Steps to Make UBI Viable in India
- Incremental Welfare Floor (MPBI):
Start with a Modified and Phased Basic Income at 1-1.5% of GDP, providing a universal minimum safety net without displacing key schemes like PDS and MGNREGA initially. This controls fiscal impact while minimizing exclusion. - Quasi-Universal Targeting:
Prioritize vulnerable demographics such as women, elderly (60+), and persons with disabilities — a “universal within a category” approach to maximize social benefits and limit costs. - Transparent Subsidy Rationalization Fund:
Create a legally ring-fenced UBI fund financed by phasing out inefficient subsidies (e.g., high-income fuel, certain tax exemptions), ensuring dedicated budget support protected from diversion. - Conditional, Gradual Replacement of Schemes:
Replace only those welfare programs with documented inefficiencies via rigorous social audits, preserving impactful ones like PDS and MGNREGA until UBI reaches viability at poverty-level amounts. - Strengthen JAM+ Infrastructure:
Expand digital literacy and banking services, introduce robust grievance redressal for biometric failures, and provide fallback mechanisms like OTP/manual withdrawals to ensure inclusivity. - Fiscal Federalism Cooperation:
Establish a Joint UBI Commission for cost-sharing between Centre and States (e.g., 60:40), integrating state schemes without harming state finances or creating political conflict. - Legal Entitlement for UBI:
Embed UBI in law as a social right through a Social Security Act, guaranteeing permanence, political commitment, and enforceability by citizens to ensure adequacy and regularity.
Universal Basic Income (UBI) carries the transformative promise of reshaping India’s social contract—anchoring it in dignity, security, and opportunity for all.
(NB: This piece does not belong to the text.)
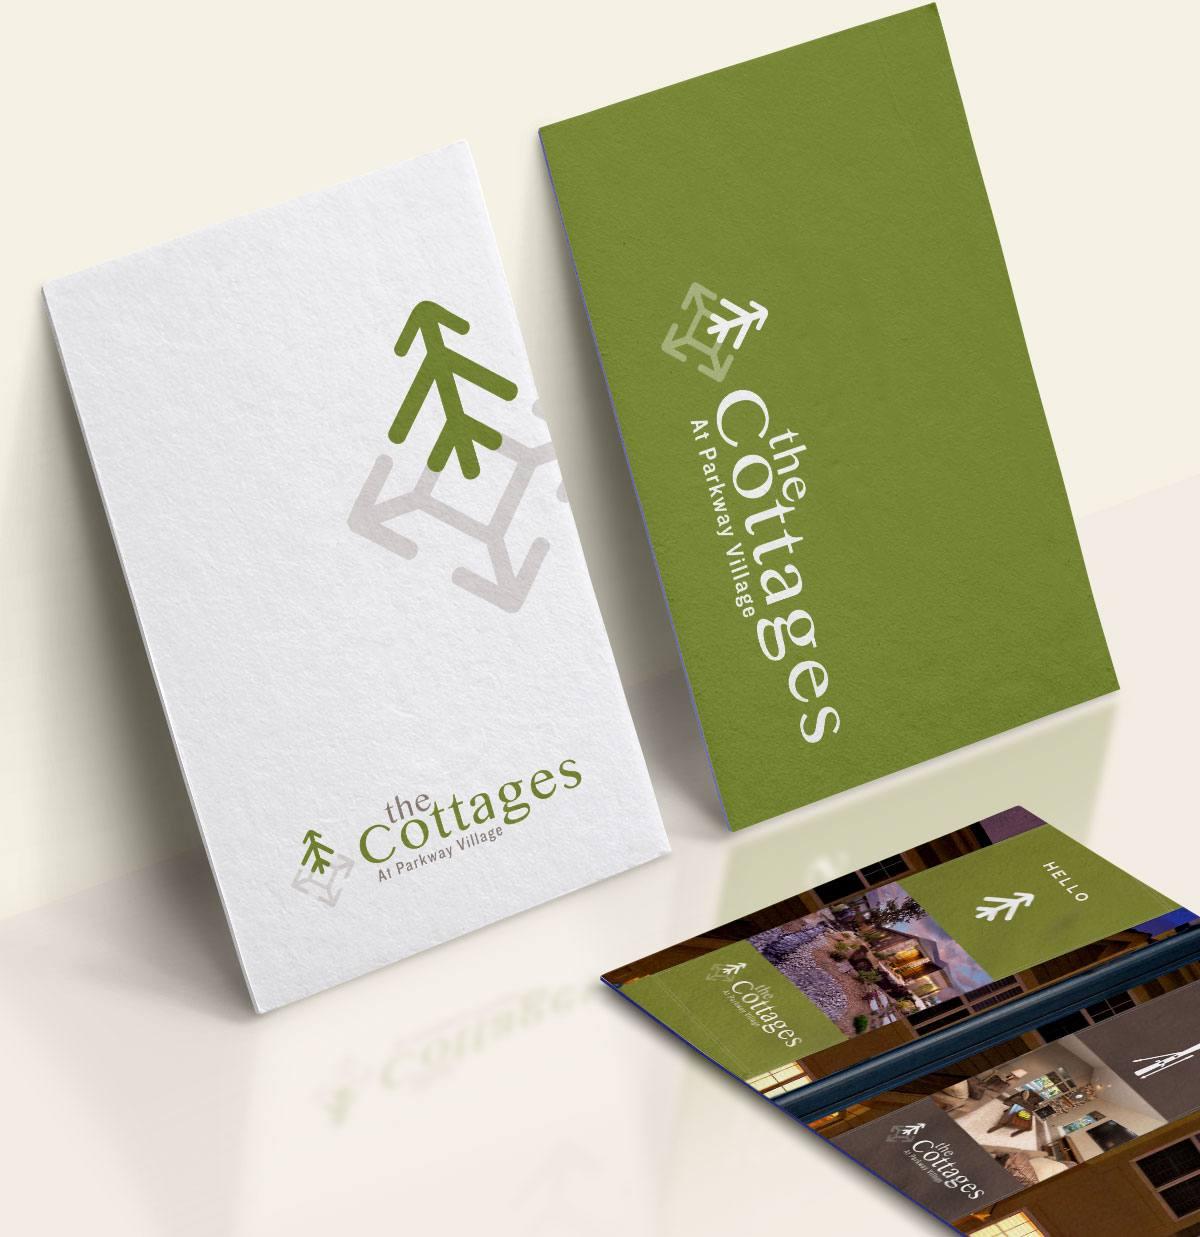 The-Cottages-logo-design

Its success, however, hinges on thoughtful fiscal architecture, seamless digital delivery, and a phased, inclusive rollout. Rather than replacing existing welfare guarantees, a well-designed UBI can strengthen and complement them, creating a more cohesive safety net. If implemented with vision and care, UBI could become a defining step toward a more just, resilient, and equitable India. As the nation navigates the twin challenges of rapid growth and deepening inequality, UBI reminds us that true progress lies not in the accumulation of wealth, but in the universal assurance of dignity.